WORK TASK: All of the data below should be printed again exactly, pictures excluded.

------ DATA PROVIDED

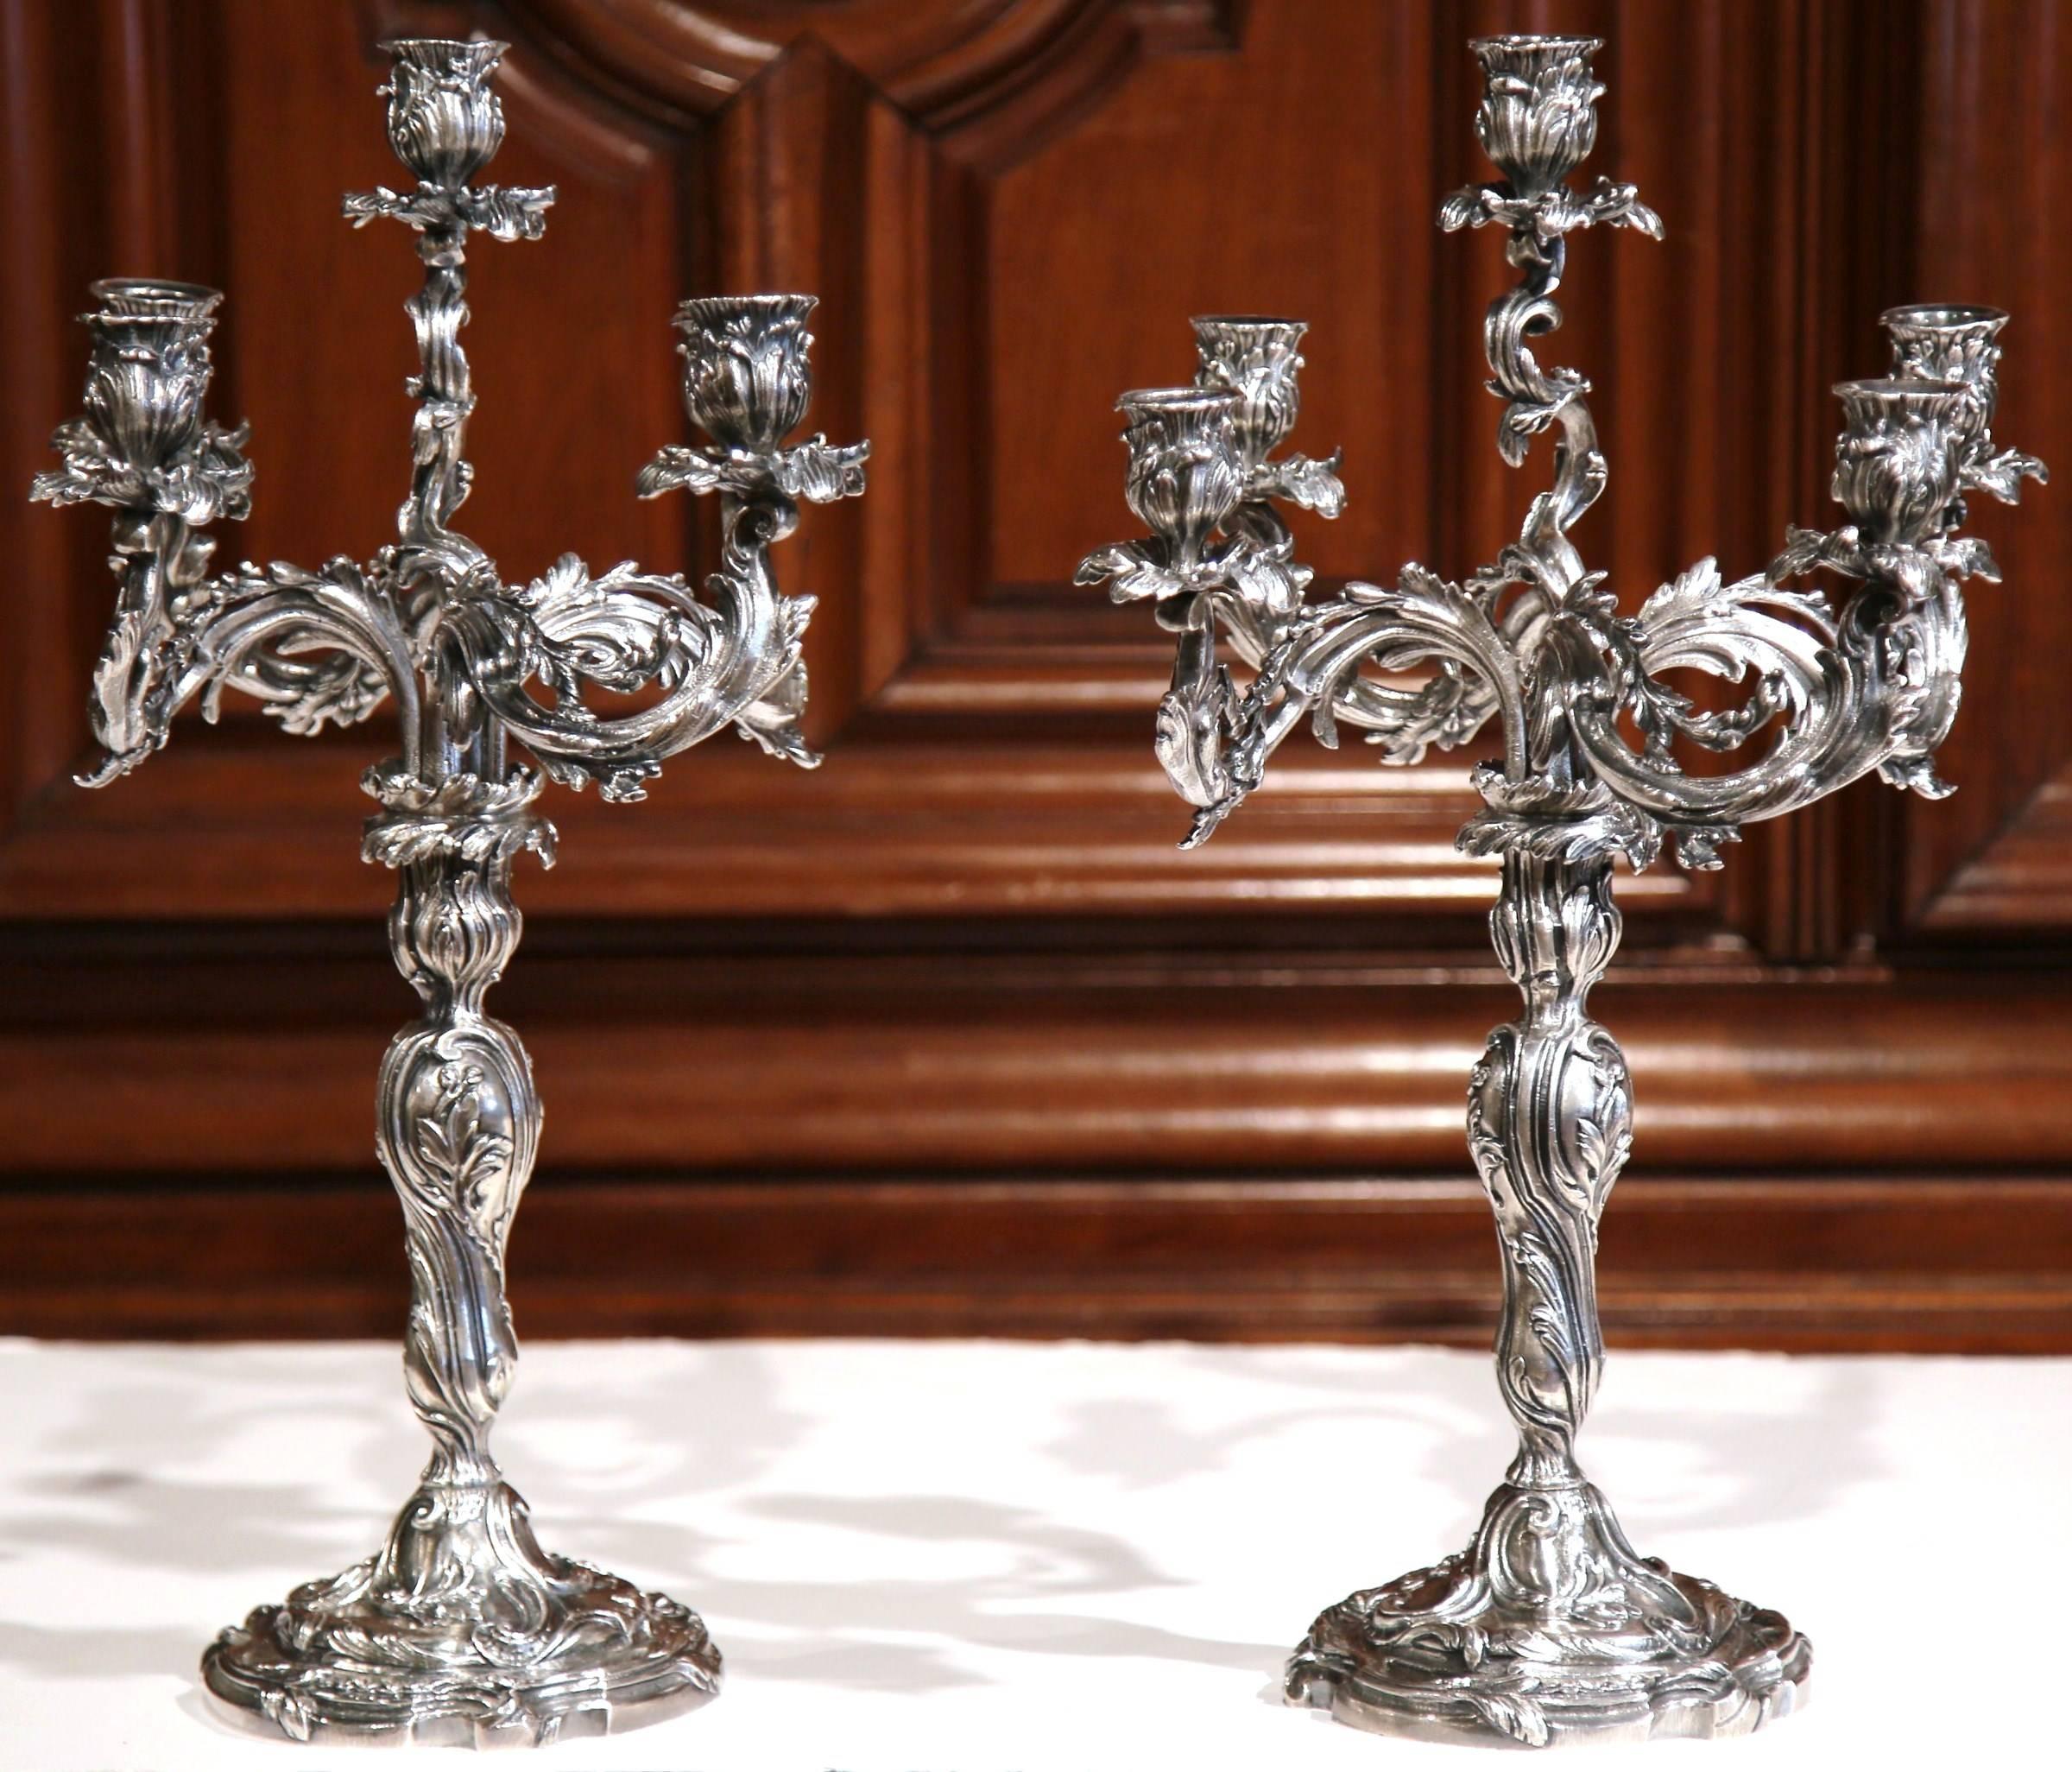 Pair of 19th Century French Louis XV Bronze Silvered Five-Arm Candelabras 1
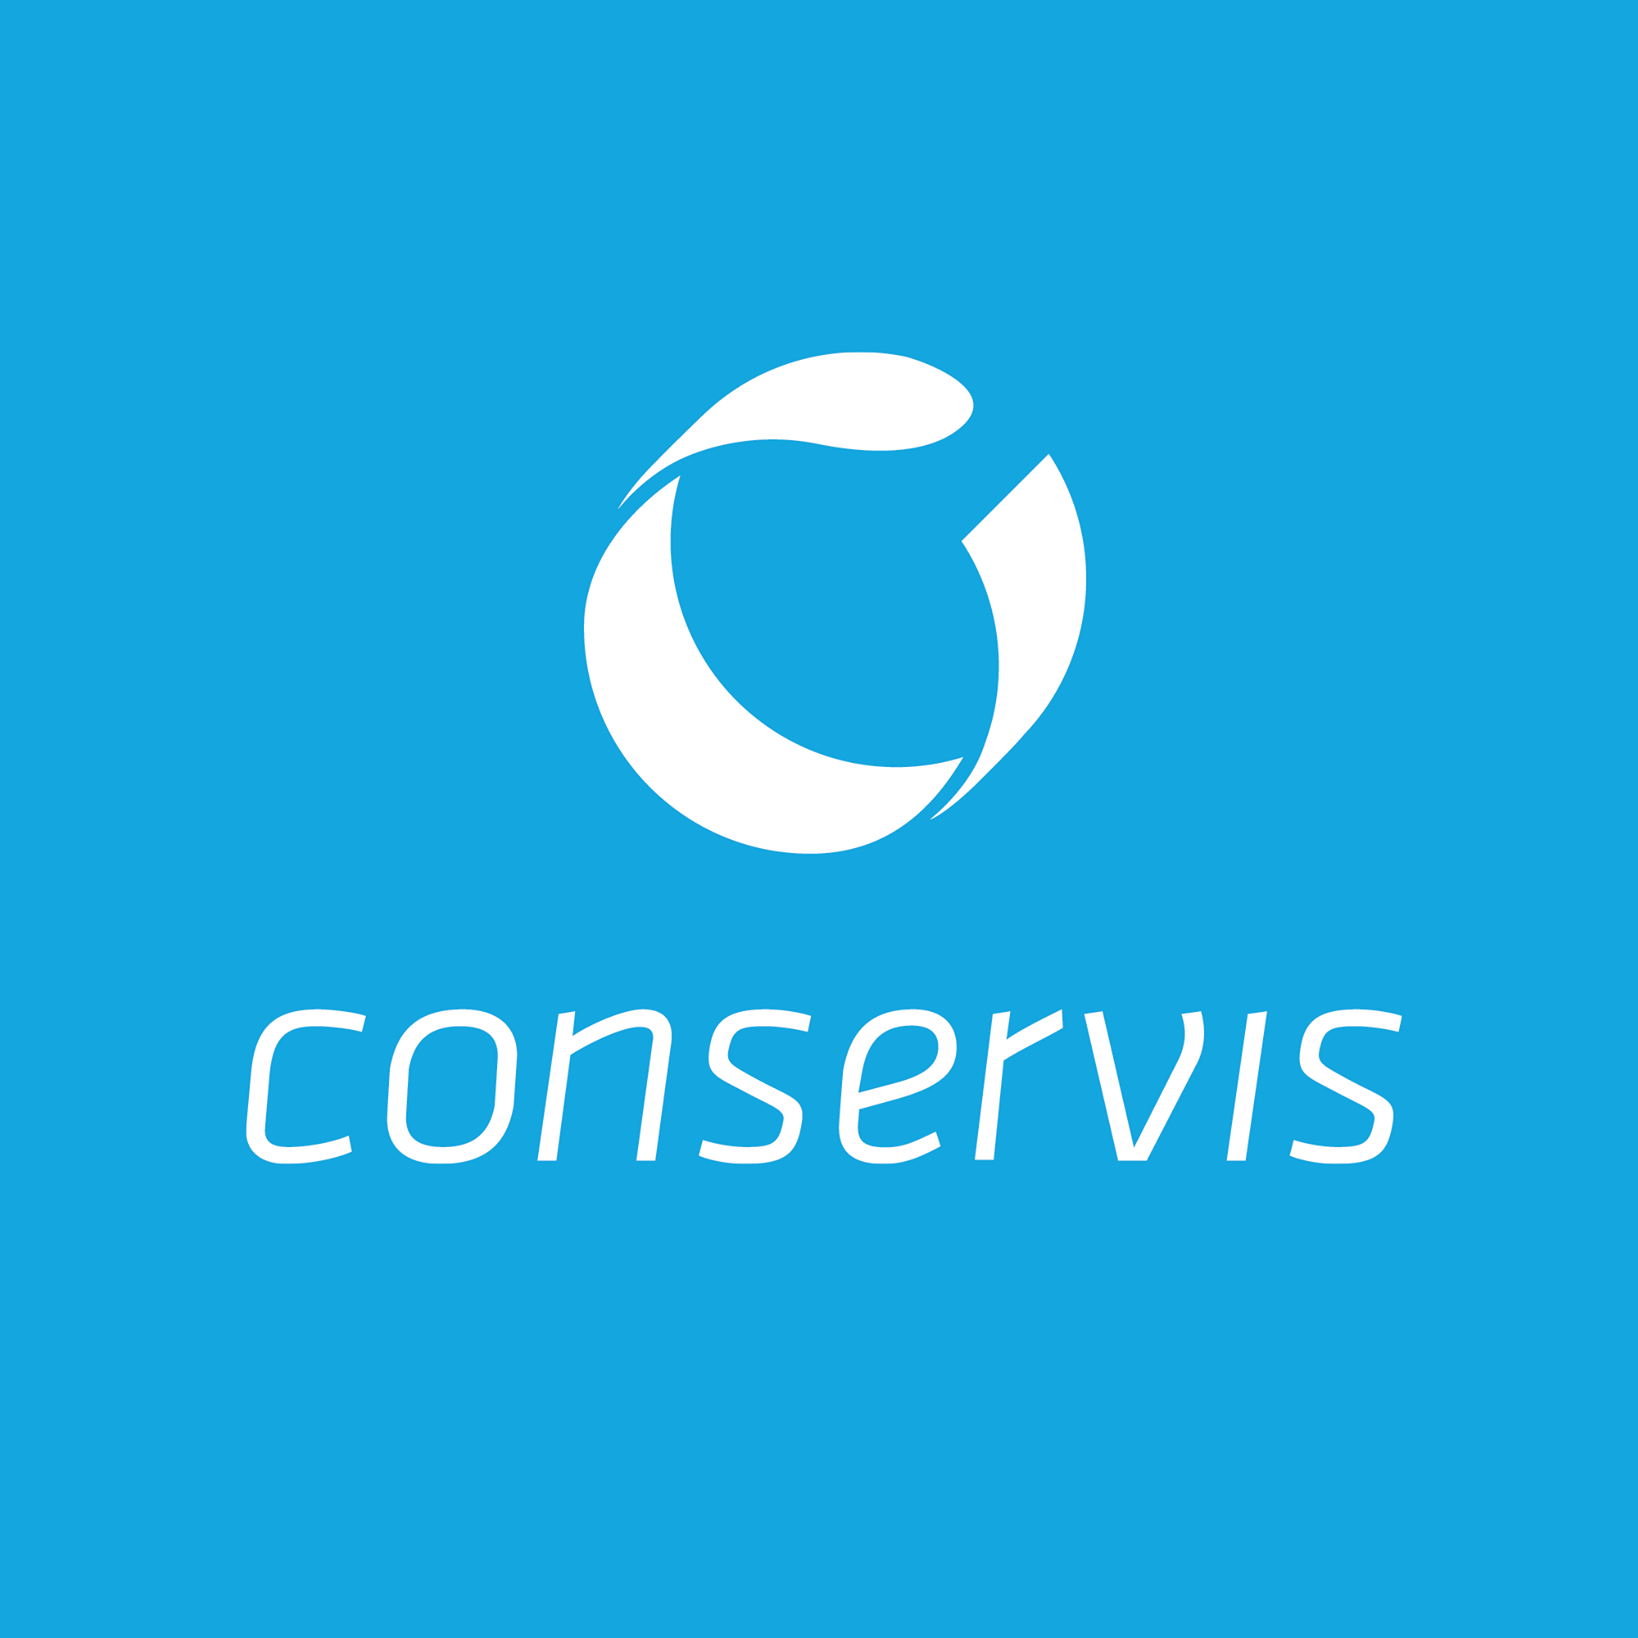 Business logo of Conservis
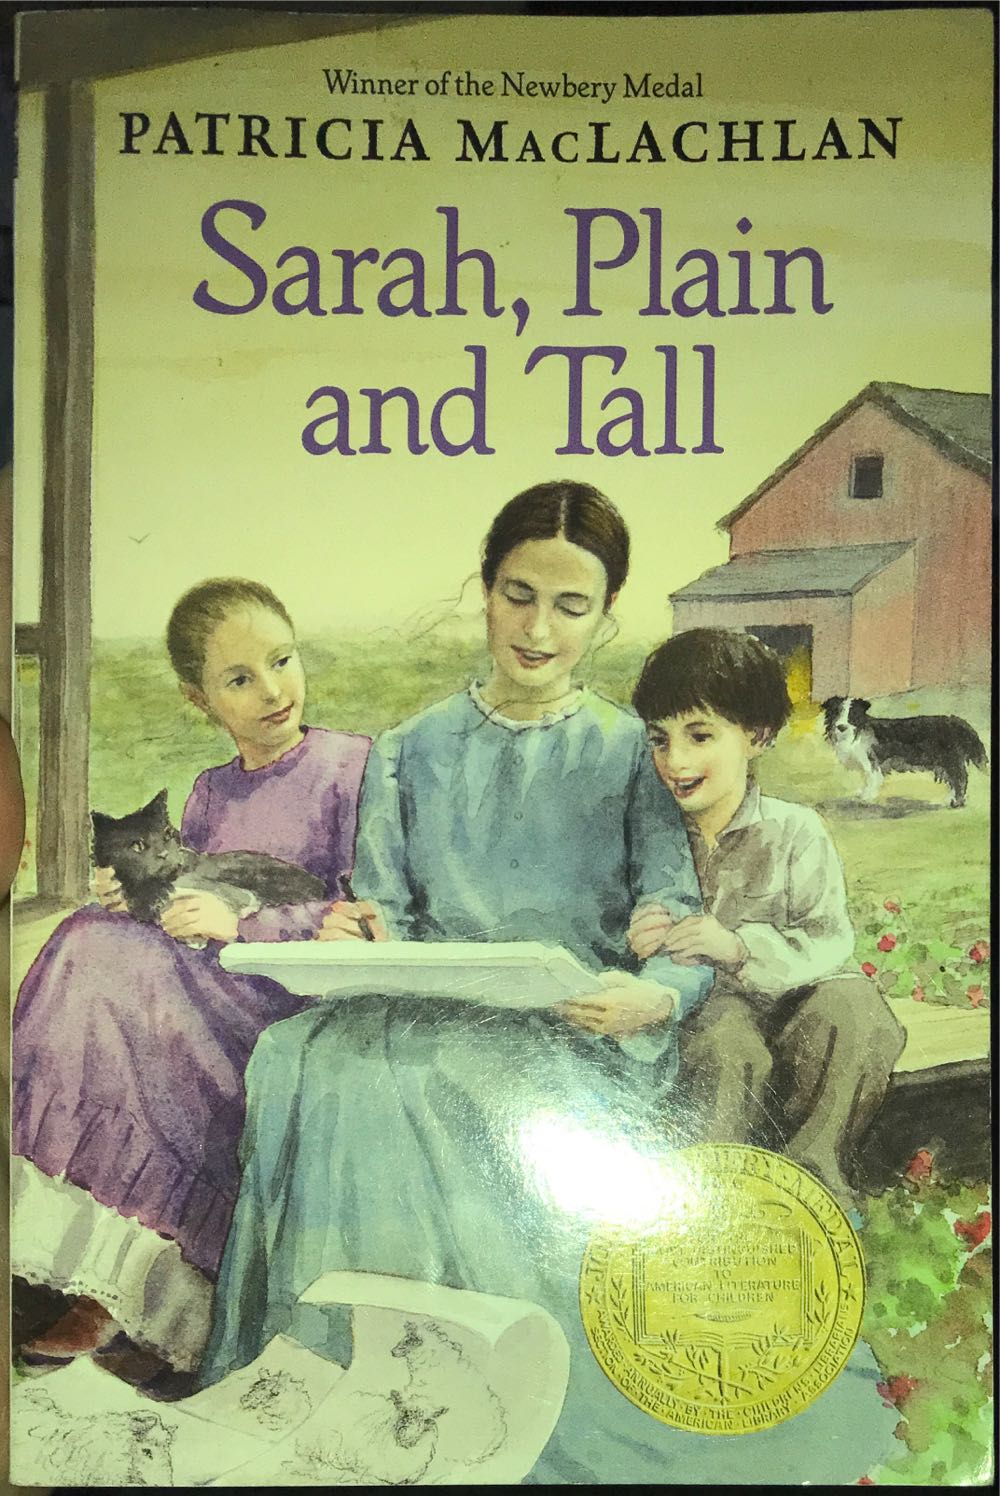 Sarah, Plain and Tall - Patricia MacLachlan (Harper Collins - Paperback) book collectible [Barcode 9780064402057] - Main Image 4

------------

FINISHED EXERCISE:
 Pair of 19th Century French Louis XV Bronze Silvered Five-Arm Candelabras 1
 Business logo of Conservis
 Sarah, Plain and Tall - Patricia MacLachlan (Harper Collins - Paperback) book collectible [Barcode 9780064402057] - Main Image 4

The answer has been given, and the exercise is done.